SMSFs looking to trade their exchange-traded funds (ETF) at this time of the year should carefully consider the tax implications for the fund, according to State Street Global Advisors (SSGA).

During the latest SPDR Bites briefing, SSGA Asia-Pacific global portfolio strategist Thomas Reif said SMSFs needed to ensure they alleviated or avoided end of financial year tax burdens.

“Coming into the end of the financial year, if you’re going to sell an ETF at this time of year, you may want to consider timing, and there are two aspects to timing,” Reif noted.

“Firstly, the long-term versus short-term gains: if you’ve held any shares, including ETFs, for less than a year, you’ll pay double the tax rate you would if you held them for more than a year, and that’s called a long-term capital gains tax cap.

“The impact of that is significant.

“For an SMSF investor, the capital gains tax rate for a short-term gain is 15 per cent and for a long-term gain it’s 10 per cent.”
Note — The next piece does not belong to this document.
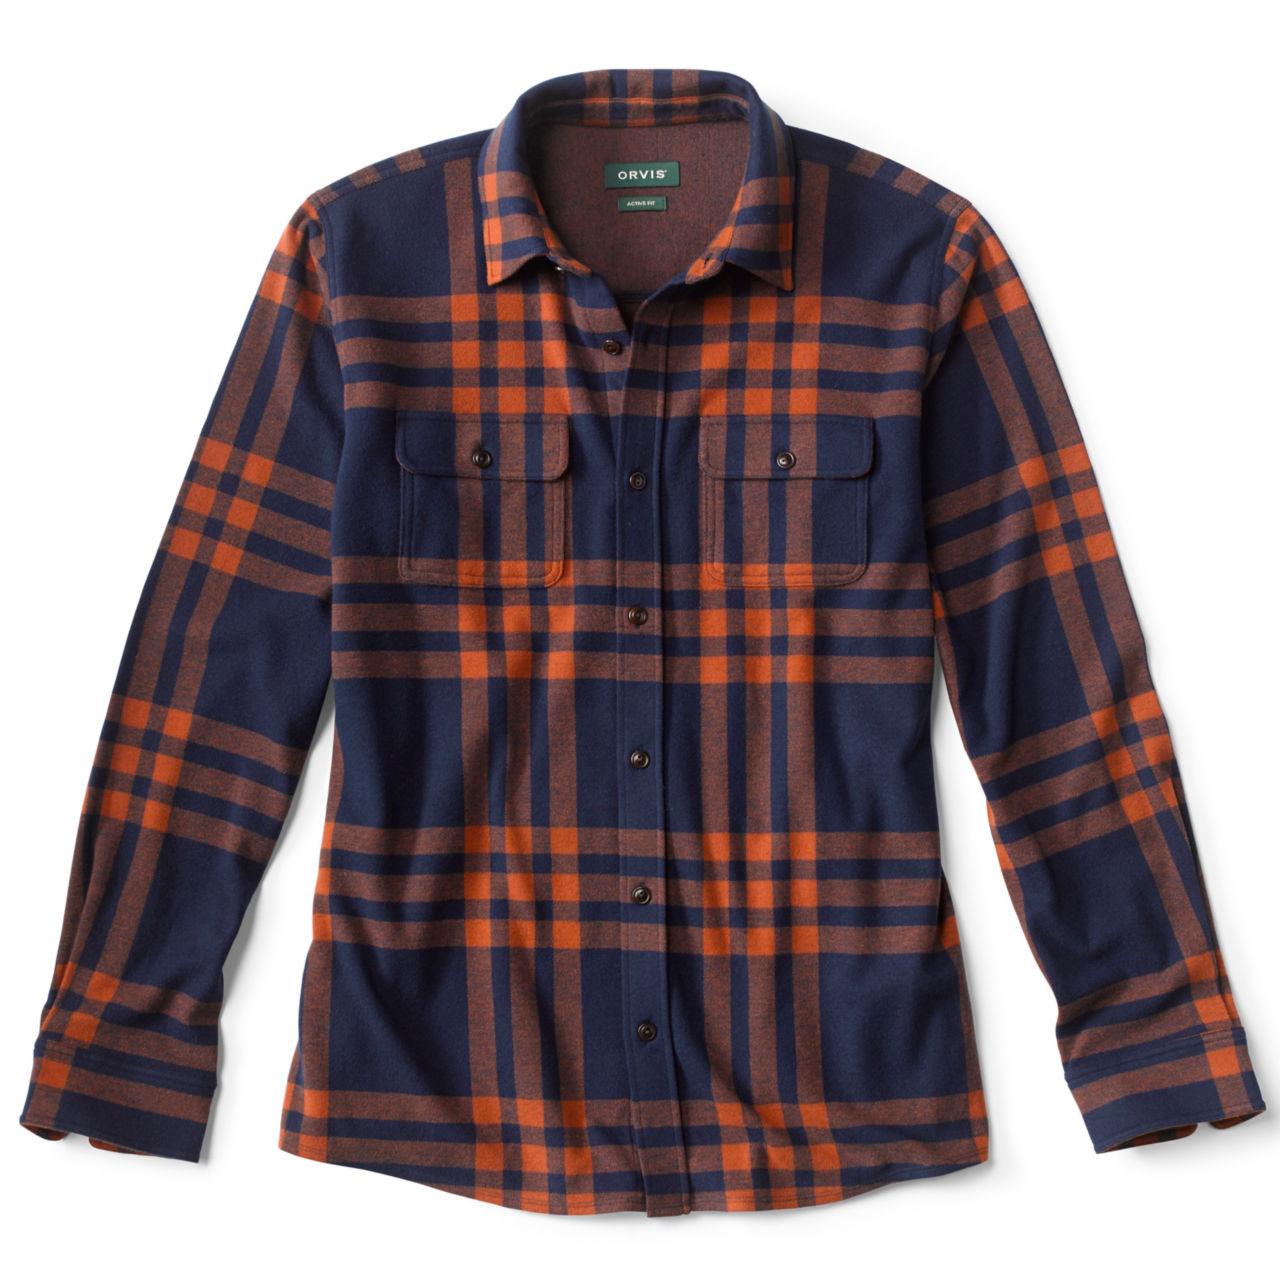 Snowy River Brushed Knit Long-Sleeved Shirt - NAVY PLAID image number 0

Secondly, SMSFs needed to consider when exactly the ETF will be sold.

“Are you going to sell it this financial year, with benefits to realise a gain, or might it be more beneficial if you sell it next financial year?” Reif said.

“That’s certainly something SMSF investors need to talk about with their advisers.

“Then, also watch out for the holding period because also at this time of year, it’s the distribution periods for certain ETFs, so you need to make sure you’ve held the ETF for 45 days [in order to be eligible for franking credits].

“They’re the main considerations for SMSF investors.”

He said SSGA suggested taking on long-term investment outlooks.